The song earned Collins his first Grammy Award nomination for Best Male Rock Vocal Performance in 1984, which was won by Michael Jackson for "Beat It".

== Music video ==
In addition to Chester Thompson, touring band members Daryl Stuermer (guitar), Peter Robinson (keyboards), and Mo Foster (bass) also appear. Aside from Stuermer, the rest of the band does not appear on the actual recording and are instead miming Collins's parts.

The video is staged entirely in a dark room, with spotlights appearing over each band member as they begin to play. Foster is clearly visible in Robinson's spotlight for about a minute before he begins to play, hands in pockets, shuffling his feet occasionally, and looking more like a loiterer than a band member. When he begins to play (at the beginning of the first chorus), he plays the song's synthesised bassline on Moog Taurus bass pedals. Instead of playing them with his feet as intended by the manufacturer, he strikes them somewhat dramatically with the sides of his closed fists. He plays considerably more notes than what is actually heard, and frequently manipulates the Taurus's filter controls with one hand while striking with the other.

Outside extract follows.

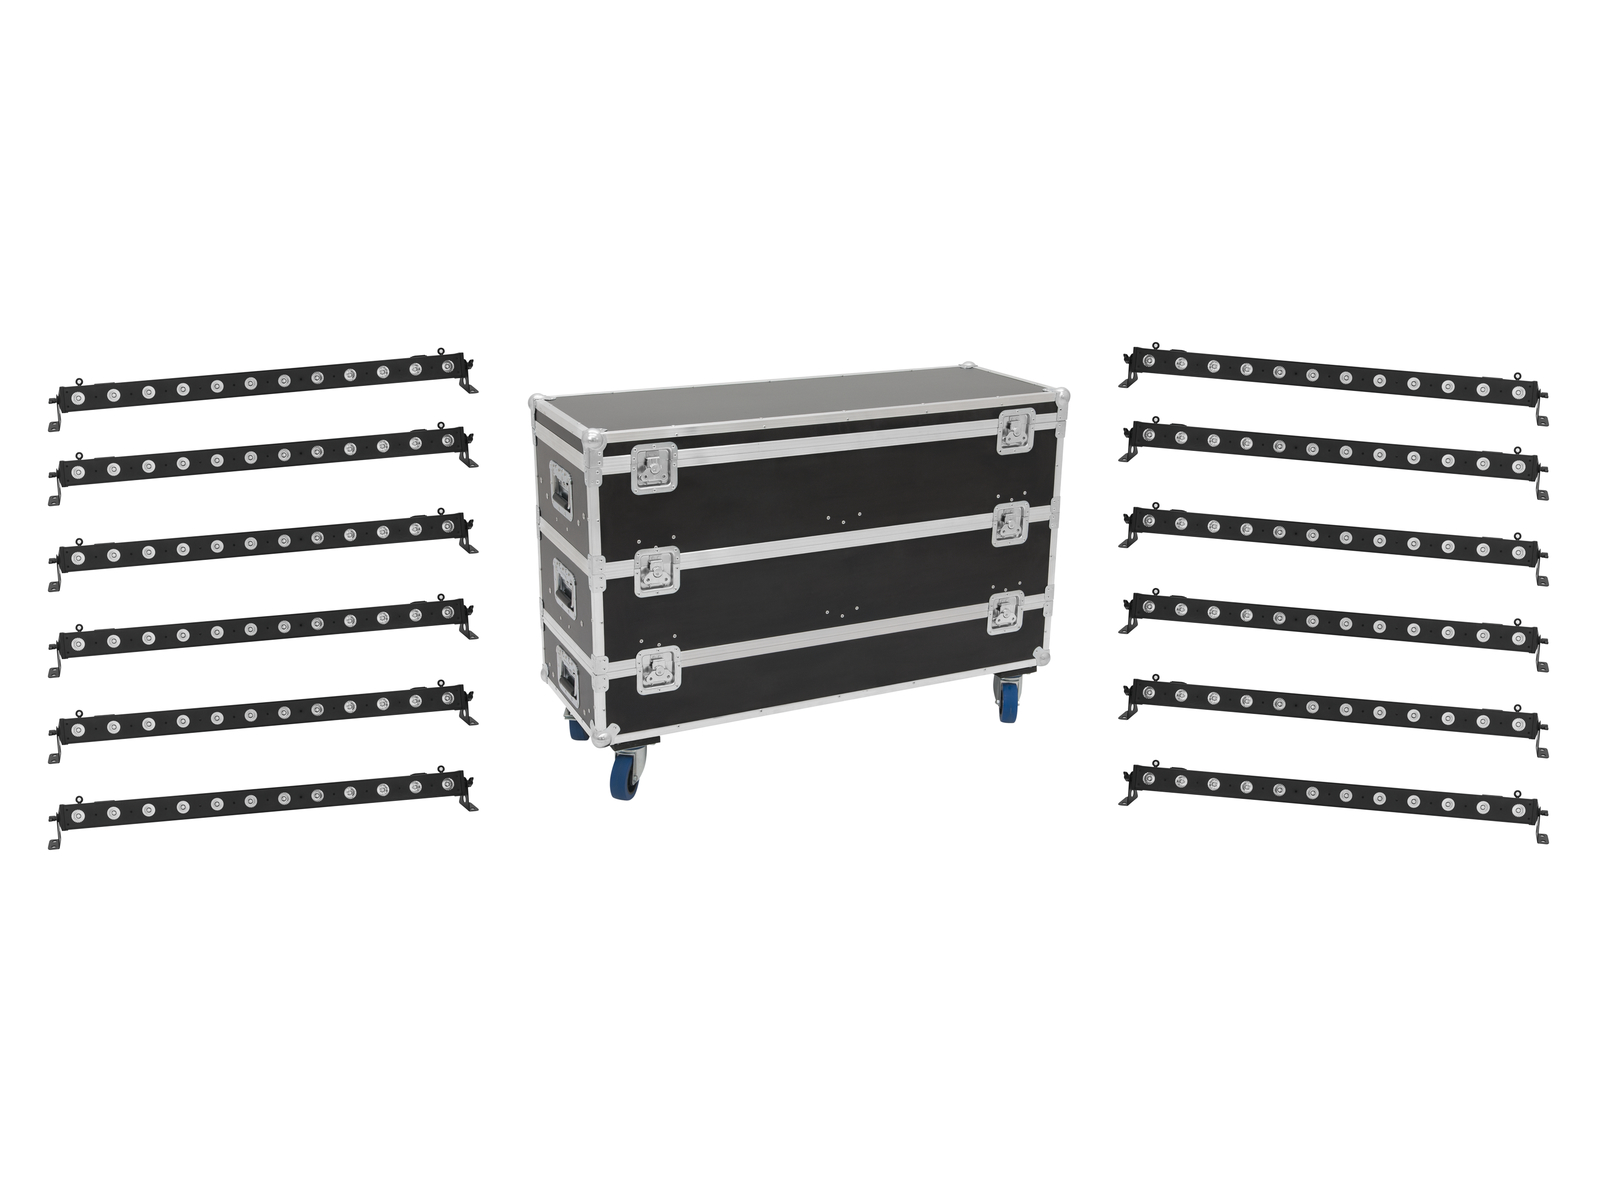 eurolite-set-12x-led-bar-12-qcl-rgbw-leiste-case-l

Live concert footage from the same year shows that Foster did, in fact, play the Taurus with his hands (whereas future touring bassist Leland Sklar played the Taurus with his feet while simultaneously playing bass guitar). He did not strike the pedals with his fist, however, instead simply depressing each pedal with the flat of his hand. He did frequently manipulate the Taurus's filters to great effect, but the bassline he performed was the simplified version heard on the recording rather than the overzealous part he mimed in the video.

== Track listing ==
=== 7": Atlantic 7-89877 (US) ===
1. "I Don't Care Anymore"
2. "The West Side"

===7": WEA 25.9938-7 (Holland)===
1. "I Don't Care Anymore"
2. "Don't Let Him Steal Your Heart Away"

===12": WEA 25-9935 (Holland)===
1. "I Don't Care Anymore"
2. "Don't Let Him Steal Your Heart Away"
3. "And So to F" (Live) (6:34)

== Charts ==

| Chart (1983) | Peak position |
|---|---|
| US Billboard Hot 100 | 39 |
| US Billboard Top Rock Tracks | 3 |

== Personnel ==
- Phil Collins – vocals, keyboards, bass pedals, drums, tambourine
- Daryl Stuermer – guitars

== Hellyeah version ==

American heavy metal supergroup Hellyeah released a cover version of I Don't Care Anymore as a single on July 27, 2016 off their fifth studio album Undeniable. The cover features a lost performance by Dimebag Darrell which was unearthed by his older brother, Hellyeah drummer Vinnie Paul. According to Paul, Damageplan's cover of the song never saw the light of day and it took him three weeks to find the recordings. The lost recordings would eventually be converted with Pro Tools with the help of producer Kevin Churko. Chad Gray called recording the vocal sessions a very emotional moment while mentioning that having the band track Dimebag Darrell's riffs was one of the most magical moments in Gray's career. A music video for the rendition was released to Eleven Seven's YouTube channel a day after the single was released with the video being directed by William "Wombat Fire" Felch. In an interview with Billboard, Chad Gray stated that he hopes that Phil Collins loves the band's cover of the track.

=== Charts ===

| Chart (2016) | Peak position |
|---|---|
| U.S. Billboard Mainstream Rock | 10 |
| U.S. Billboard Rock Airplay | 32 |

== Other cover versions ==
- From Zero covered the song on their second and final studio album My So-Called Life (2003).
- Tweaker covered the song on their third studio album Call the Time Eternity (2012).
- Saint Asonia covered the song in 2016 as a non-album single.